Woidke nimmt Kurs auf „Kenia“: In Brandenburg ist eine Koalition aus SPD, CDU und Grünen wahrscheinlich
In Brandenburg könnte es ein „Kenia“-Bündnis aus Schwarz-Rot-Grün geben. Die CDU zeigt sich offen für Gespräche, die Linkspartei ist wohl außen vor.
In Brandenburg peilt SPD-Ministerpräsident Dietmar Woidke nach seinem Sieg bei der Landtagswahl gemeinsam mit der CDU und den Grünen ein „Kenia“-Bündnis an. „Entscheidend ist, dass Brandenburg eine stabile und gute Mehrheit bekommt“, sagte Woidke im Tagesspiegel-Interview. Mit dem Ausgang der Wahl im Land hätte rechnerisch nur die rot-schwarz-grüne „Kenia“-Koalition mit den bisher oppositionellen Grünen und Christdemokraten eine solide Mehrheit von fünf Mandaten, während Rot- Rot-Grün mit nur einer einzigen Stimme Vorsprung regieren müsste.
Woidke kündigte an, dass er ab Donnerstag alle Fraktionen außer der AfD zu Sondierungsgesprächen einladen will. Wie er bestätigte, hat er bereits vor Schließung der Wahllokale mit CDU-Parteichef Ingo Senftleben telefoniert, als das Ergebnis absehbar gewesen sei. Senftleben steht in der eigenen Partei allerdings wegen des miserablen Abschneidens der CDU unter Druck. „Die Demokratie und Brandenburg hat nichts davon, wenn sich ein potenzieller Koalitionspartner selbst zerfleddert“, sagte Woidke: „Eine CDU-Schlachteplatte wäre kein schönes Bild.“
Am Montagabend berichtete der rbb, die CDU in Brandenburg habe beschlossen, mit SPD, Grünen und Freien Wählern Sondierungsgespräche zu führen. Der ehemalige Spitzenkandidat Ingo Senftleben sei demnach Teil der Sondierungsgruppe.

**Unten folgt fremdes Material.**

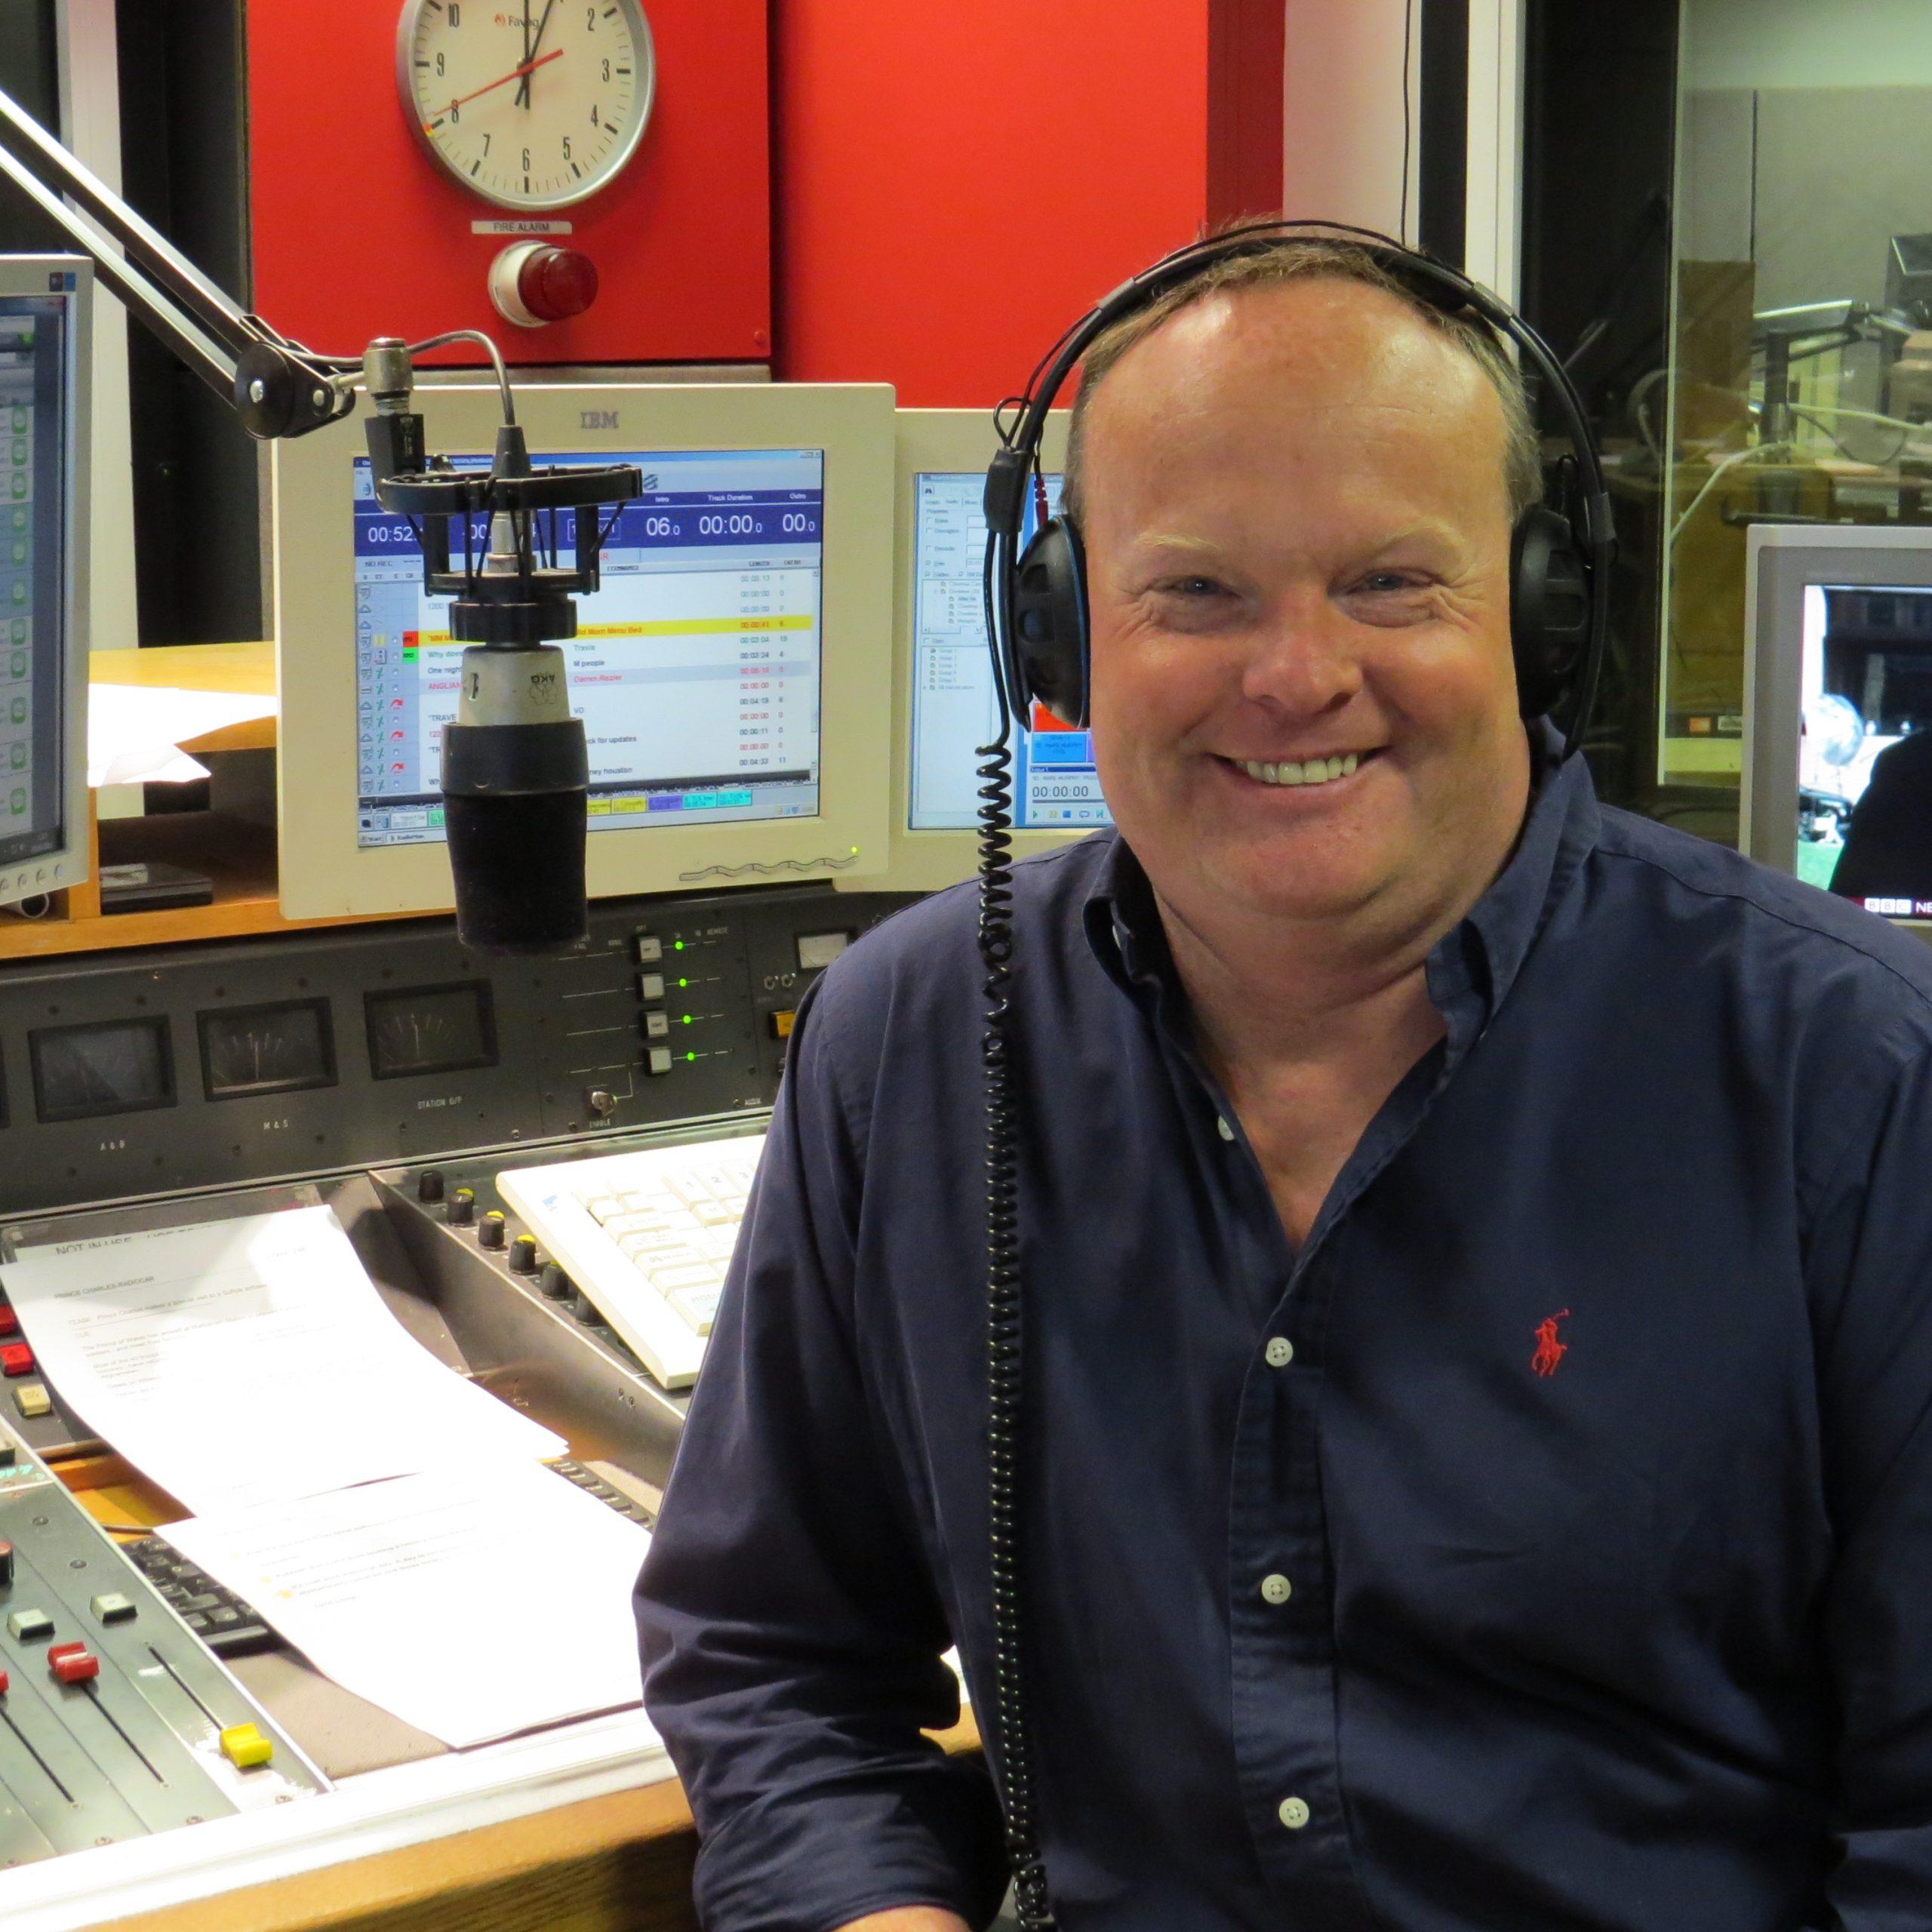 Mark Murphy, presenter of Mid Morning show on BBC Radio Suffolk

Auch die CDU-Bundesspitze wünscht sich offenbar „Kenia“ in Brandenburg: Senftleben habe die volle Rückendeckung des CDU-Präsidiums und des CDU-Vorstandes, sagte die CDU-Vorsitzende Annegret Kramp-Karrenbauer nach Gremiensitzungen in Berlin. Woidke solle die CDU „als Stimme der Vernunft“ in die Verantwortung einbeziehen.
CDU ermuntert Senftleben
Man habe Senftleben „ermuntert und ermutigt“, dieser Verantwortung gerecht zu werden, um Rot-Rot-Grün zu verhindern. „Für Brandenburg geht es darum, eine stabile Regierung zu gestalten.“ Zugleich betonte Kramp-Karrenbauer, es gelte weiter der Beschluss, „dass es mit der AfD keine Regierung geben wird“. Man grenze sich klar ab von einer Haltung, die sich auf das Schlecht- und Angstmachen konzentriere. „Stattdessen bauen wir Brücken, wenn es um die Gestaltung der Zukunft geht.“
Rot-Rot-Grün schließt Woidke allerdings nicht aus. Mit den Linken habe es eine gute Kooperation gegeben. Gegenüber den Grünen, die er oft kritisiert hatte, schlug Woidke neue Töne an: „Ich schätze sie als ernst zu nehmende Gesprächspartner“, sagte er. „Und ich weiß, was geht und was nicht geht.“
Grünen-Landeschefin Petra Budke ließ beide Optionen offen und betonte, dass es um einen nötigen Richtungswechsel im Land gehe. „Wir sind keine einfachen Mehrheitsbeschaffer.“
Auch in Sachsen ist rechnerisch ein „Kenia“-Bündnis die wahrscheinlichste Option, aber unter Führung der CDU – bisher gibt es diese Koalitionsvariante nur in Sachsen-Anhalt. „Kenia“ könnte plötzlich zur bestimmenden Koalitionsvariante im Osten werden. Sachsens Ministerpräsident Michael Kretschmer (CDU) rechnet mit einer längeren Regierungsbildung. Er hatte vor der Wahl gesagt, dass er mit den Grünen eigentlich nicht regieren wolle.
Die CDU holte in Sachsen laut vorläufigem amtlichen Endergebnis 32,1 Prozent – ein neuer Tiefstand. Aber mit der SPD (7,7 Prozent) und den Grünen (8,6) würde es für eine Mehrheit reichen. Die AfD kam auf 27,5 Prozent, ihr bundesweit bestes Landtagswahlergebnis überhaupt.